Economy.com had this to say about the latest estimate of Q3 GDP: “U.S. GDP growth remained strong in the third quarter, although its composition was less favorable. Real GDP grew 3.2 percent, above the 3.1 percent in the second quarter but below the 3.3 percent reported last month in the third estimate from the Bureau of Economic Analysis. Consumer spending growth slowed and inventory accumulation increased, making its first meaningful contribution to growth this year. Fixed investment and trade also made positive contributions. Hurricane impacts were not quantified by the BEA. Real disposable income grew 0.5 percent after rising 2.7 percent in the second quarter. The saving rate fell to 3.3 percent, its lowest since 2007. Profits rose 4.3 percent (not annualized), after rising 0.7 percent in the prior quarter. Gross domestic income rose 2 percent after rising 2.3 percent in the second quarter. Revisions were minor.”
The final headline report of GDP growth in Q3 came in at 3.16 percent, up slightly from 3.03 percent in the third estimate of growth in Q2. GDP is measured and reported in chained 2009 dollars, and on an annualized basis in the third quarter was $17.164 trillion. The growth calculation is misleading because it takes the quarter-over-quarter change and multiplies by four to get an annualized rate. This makes the high quarters higher and the low quarters lower. Figure 1 clearly shows this effect. The blue line is the trailing 12- months’ growth and the white line is the headline quarterly result. On a trailing 12-month basis, GDP was up by 2.30 percent in Q3, which was close to the 2.14 percent average in 31 quarters since Q1 2010. Therefore, we conclude that the current growth of U.S. GDP is in line with its average for the last seven years.
Figure 2 shows the headline quarterly results since 1990 and the July Congressional Budget Office forecast through 2022. The IMF forecasts global and national economic growth each April and October. In their October update, the forecast of U.S. economic growth was revised down for each year through 2022. Growth in 2017 was revised down from 2.31 percent in the April estimate to 2.18 percent, and down from 2.52 percent to 2.34 percent in 2018.
Figure 3 shows the change in the six major subcomponents of GDP in Q3 2017. Normally, personal consumption is the dominant growth driver, and this continued to be the case in the third quarter. Personal consumption includes goods and services, the goods portion of which includes both durable and non-durables.

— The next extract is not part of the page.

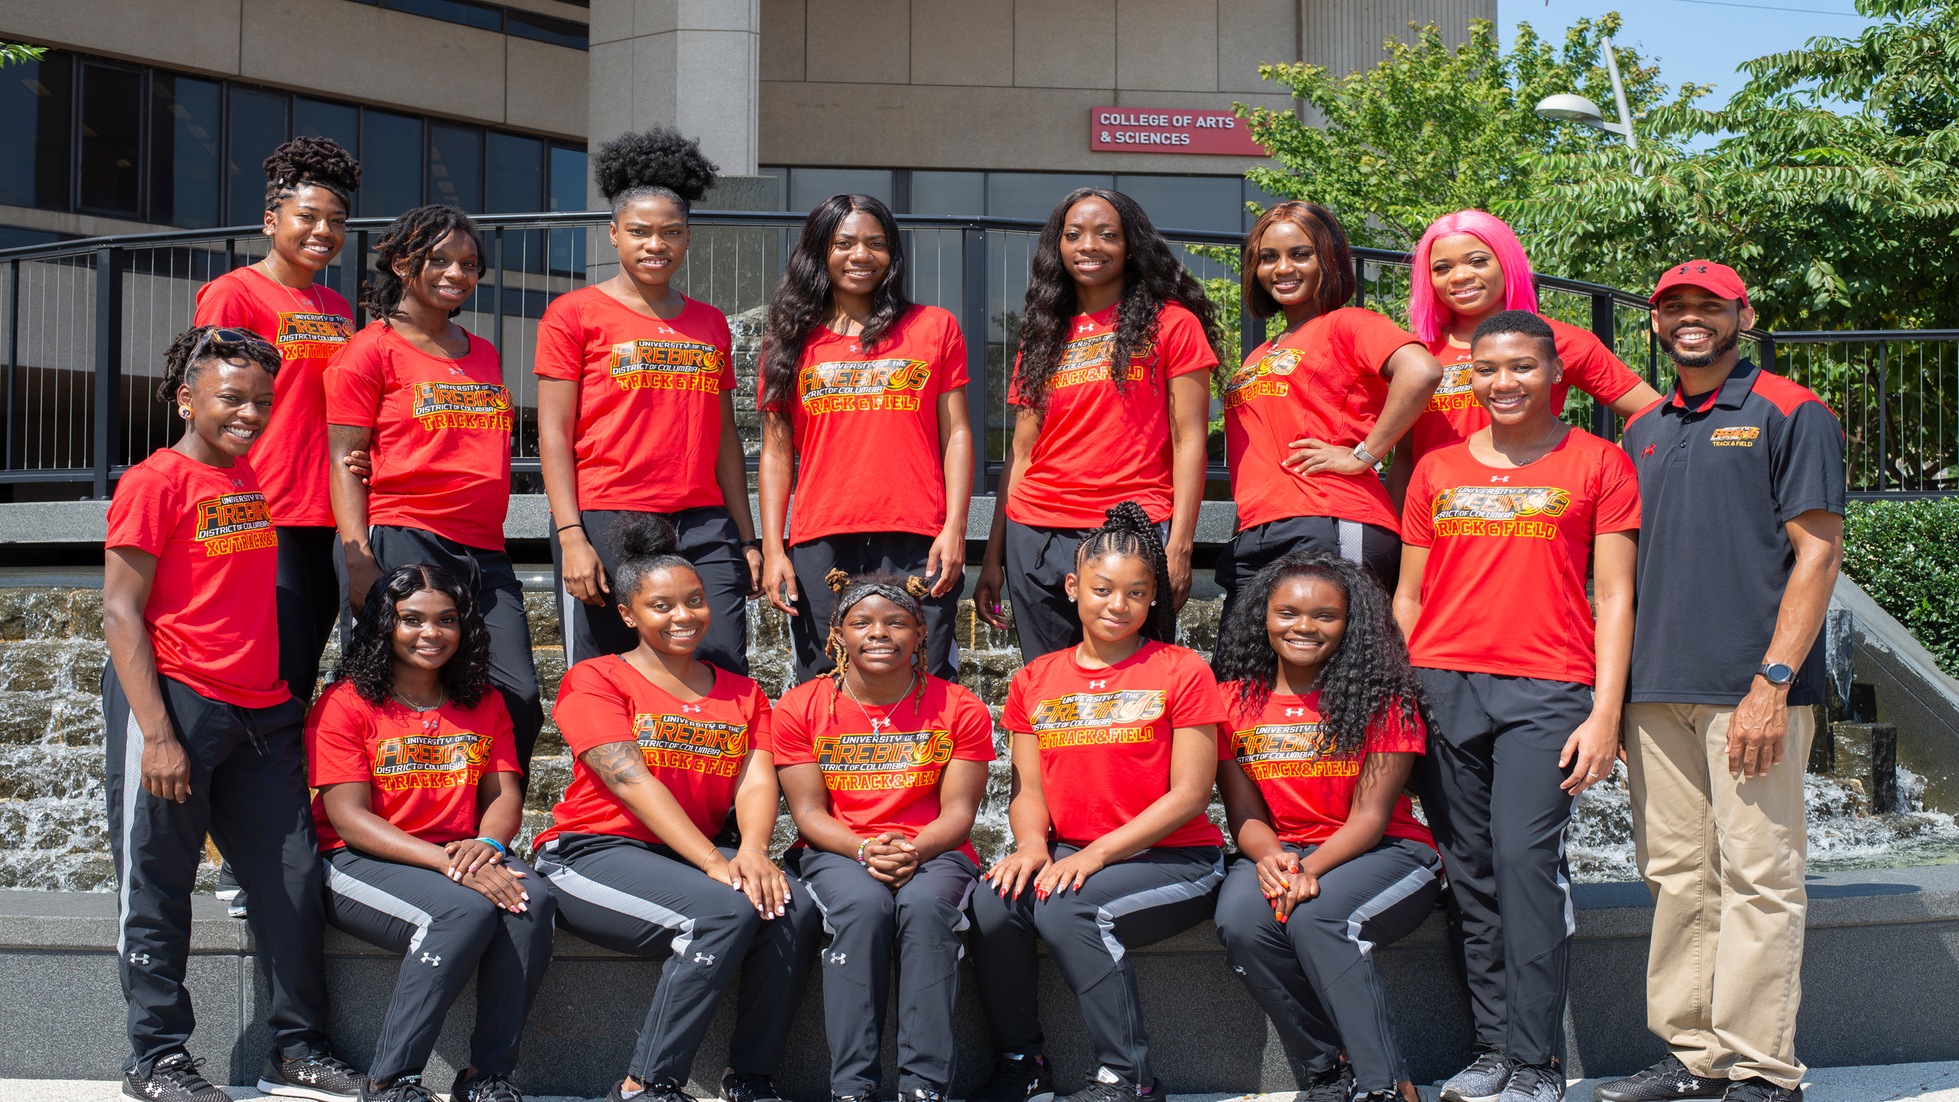 The 2019 Women's Cross Country Team

The contribution of inventories increased from negative 1.46 percent in Q1 to positive 0.79 percent in Q3. Rising inventories are entered as a positive in the GDP calculation. Note that in the definitions at the end of this piece, inventories are not mentioned. Over the long run, inventory changes are a wash and simply move growth from one period to another. The contribution of personal consumption declined from 2.24 percent in Q2 to 1.49 percent in Q3. Net exports have made a positive contribution in five of the last six quarters, influenced by the decline in the value of the dollar that continued through early September. The contribution of government expenditures has been almost zero in the last six quarters.
Figure 4 shows the quarterly contributors of the six major subcomponents to GDP since Q1 2007. This chart clearly shows the whipsaw effect of inventory changes. Figure 5 shows the breakdown of the $17 trillion economy.
SMU Comment: GDP growth on a year-over-year basis has been very consistent in the last eight quarters, during which it has ranged from 1.23 percent to 2.30 percent—Q3 this year at 2.30 percent being the best result of those eight quarters. Since Q3 2010, there have only been two quarters when the year-over-year growth exceeded 3.0 percent. In July, the Congressional Budget Office forecast much of the same for the next decade. Citing another definition of GDP not included below, it equals the growth in working population multiplied by their productivity, neither of which currently has much momentum.
Definition of GDP: Gross Domestic Product is the value of the goods and services produced by the nation’s economy less the value of the goods and services used up in production.
GDP is defined as Consumption (C) plus Investment (I) plus Government Spending (G) plus [Exports (E) minus Imports (I)] or:
GDP = C + I + G + (E-I)
This equation is known as an identity. An identity is an equality that remains true regardless of the values of any variables that appear within it. That means it is not a guess or an approximation. It is simple reality.
National savings is GDP minus consumption and government spending. That means that investment equals savings plus net exports. If there are no net exports, then money must come back into the U.S. from outside the country to finance investments, along with savings.
Thus, if there is a government deficit, there must be savings by both consumers and businesses, plus capital flows from outside the country, to offset that deficit in order for there to be any money left over for investments.